The main drivers of new commercial vehicle sales are construction, agri-business and retail while passenger vehicle sales are driven by government (including diplomatic corps) purchases.
Vehicle affordability is further locked up by prohibitively high vehicle taxes of sometimes more than 220% depending on engine size. As taxes in Ethiopia are cumulative, excise tax is calculated on the customs duty, surtax is charged on top of the excise tax, and customs duty and final VAT is calculated once the surtax, excise tax and customs duty have been added. Imported vehicles may cost as much as three times the retail price of the vehicle outside of the country.
Commercial vehicles, such as pick-ups, vans and trucks, have a lower tax rate than vehicles for personal use. Relative disincentives exist vis-à-vis personal vehicles compared to commercial vehicles. Diplomats and foreign investors are allowed to import vehicles duty-free. The supply-depressing character of foreign exchange shortages contributes to imbalances in the market and drives up the market price of vehicles, thus also having a negative impact on the affordability of vehicles in the Ethiopian market.
Production and Assembly
The Ethiopian Investment Commission (EIC) reports that 31 foreign vehicle investment projects (largely Chinese projects but also someinvolvement of European companies) and 73 domestic vehicle assembly investment projects have been licensed since 1998. This means that a total of 104 companies have been licensed for vehicle assembly in the country over the past two decades. However, only a few of these are operational, with the vast majority licensed at the pre-implementation stage.
During the past decade, a number of leading international automotive companies have carried out market scoping exercises to assess the viability of Ethiopia as an assembly hub. However, due to the limited market size, large-scale investments by these automotive firms have not yet materialised.
Although a number of assemblers source some components such as tyres locally, Ethiopia has no defined local content requirement.
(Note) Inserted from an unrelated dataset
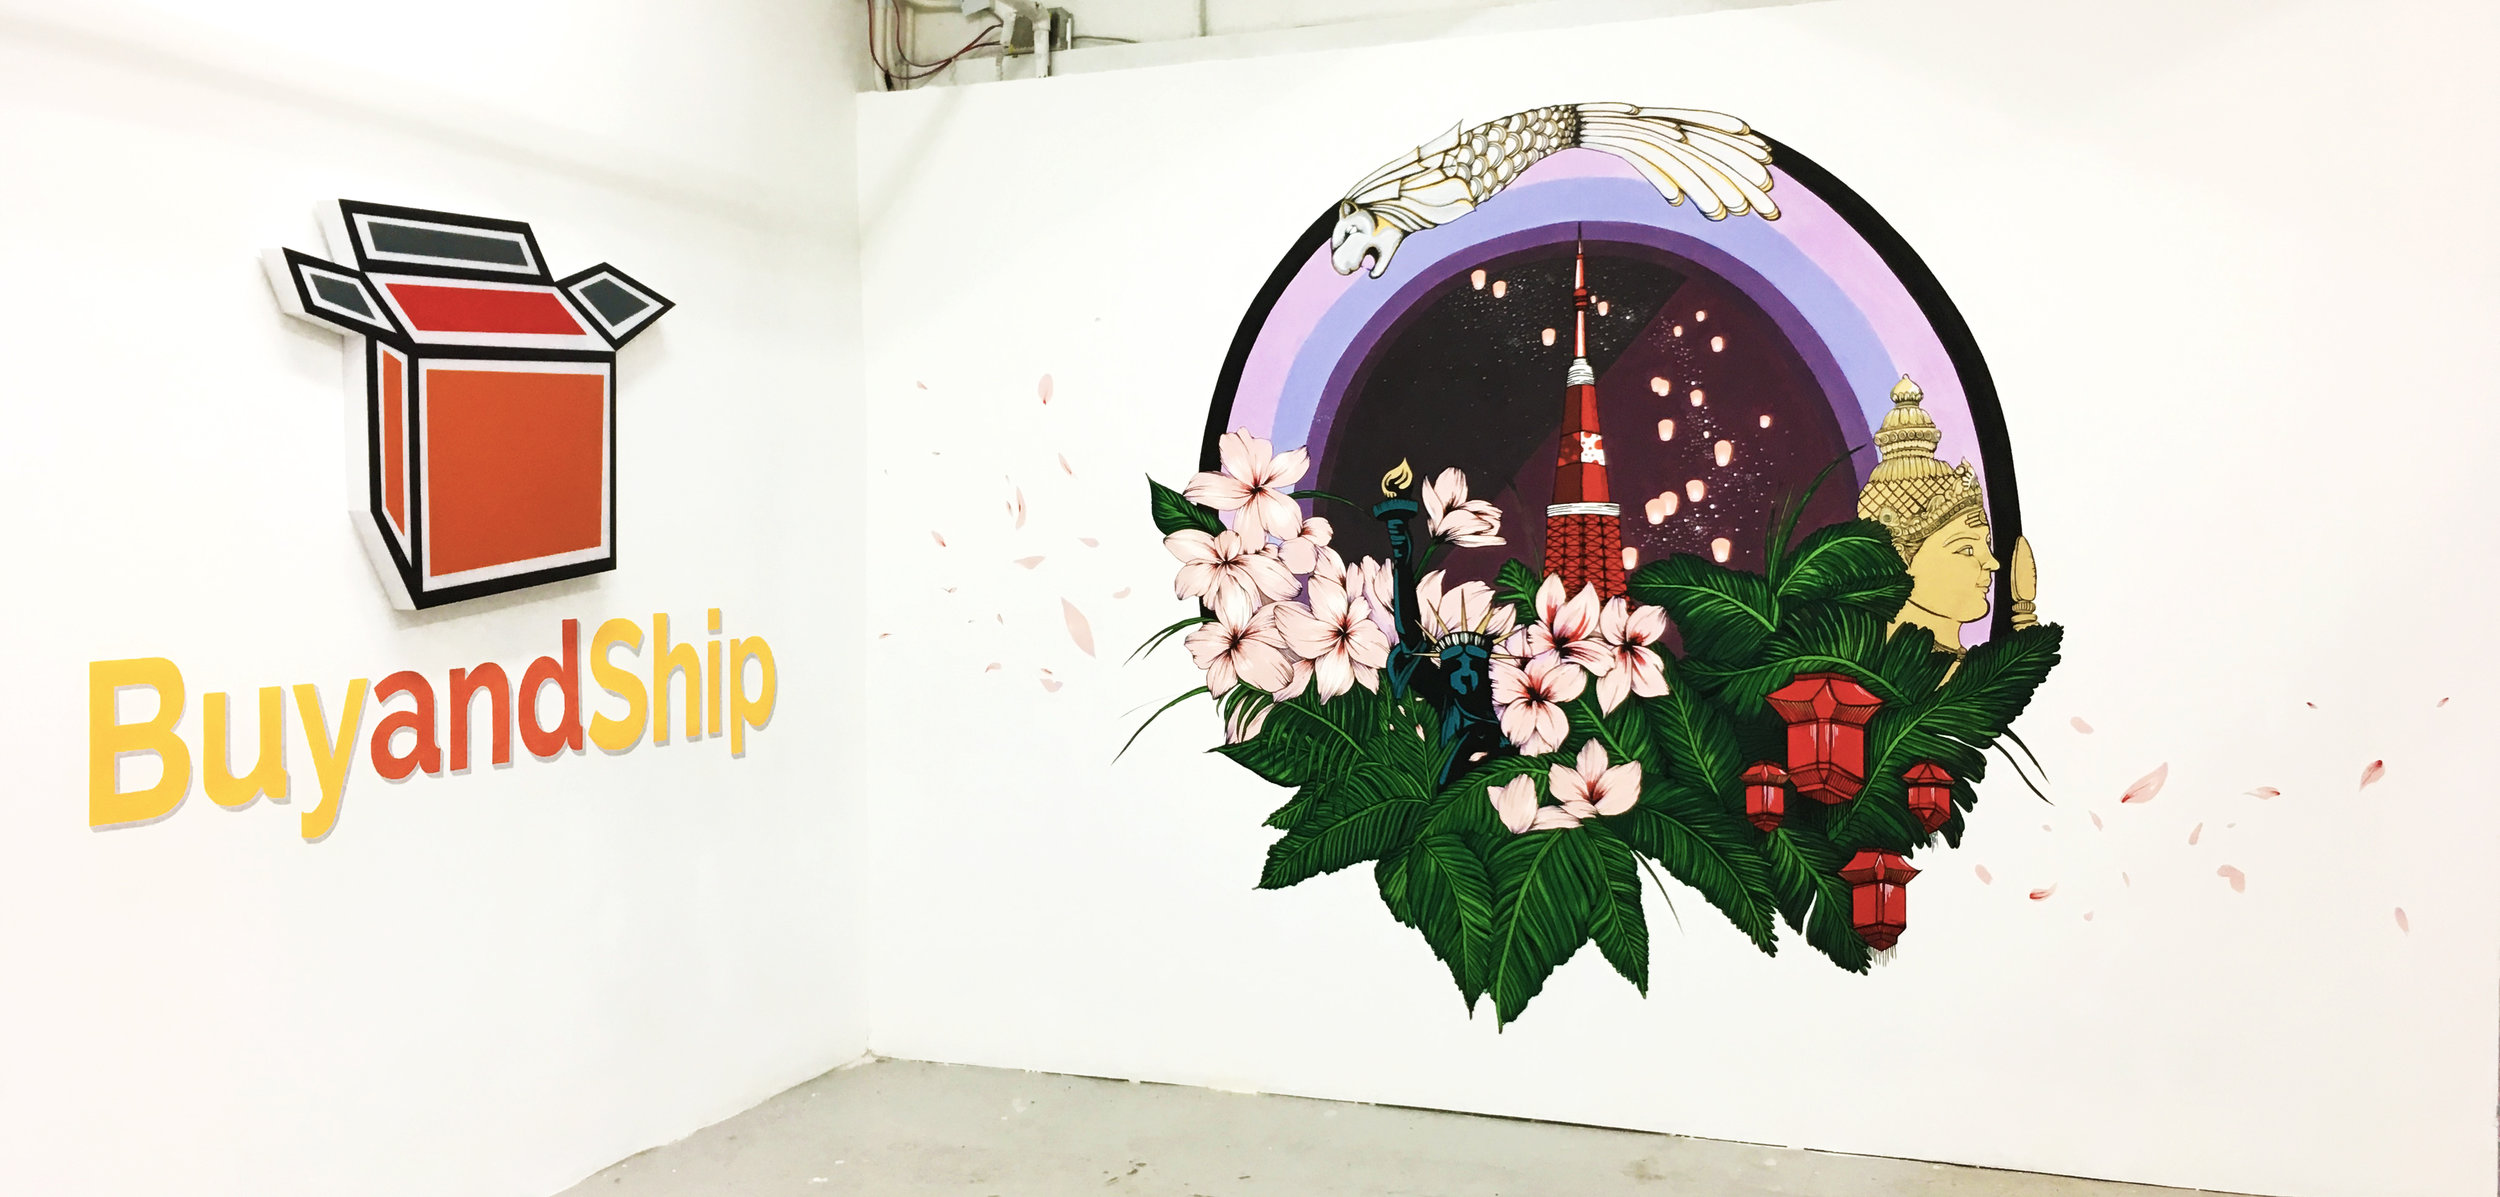 Mural | Sign lettering: BuyandShip

A number of assemblers indicated that they are instructed that local content should be approximately 30% in order to qualify for the 30% tax incentive associated with all local manufacturing, but that no written agreement exists between assemblers and the state.
Due to Ethiopia’s tax system, which subjects vehicles to tax depending on their engine size rather than age or origin, it is often cheaper to import a second-hand vehicle with a smaller engine size than it is to assemble a vehicle locally, despite import taxes on these vehicles.
Despite being home to the continent’s second largest population, the overall automotive market size remains small in the short to medium term for current and prospective assemblers and producers. However, Ethiopia’s strong government support for industrialisation and the development of auxiliary industries coupled with a large cost competitive labour pool, and sizeable investments in infrastructure (both physical and economic) could position the country favourably for automotive manufacturing in
the long term to service both the regional and domestic market with price competitive vehicles. To achieve this, clear definitions of local content need to be developed.
The country’s high tax rates on vehicles reduce the affordability of vehicles, especially given the low income of the population, and restrains the vehicle retail market. To address this, industry stakeholders should support the establishment of vehicle financing solutions, in order to encourage wider vehicle ownership. Taxes should be revised to also take the age of vehicles into account in order to provide incentives for locally produced vehicles.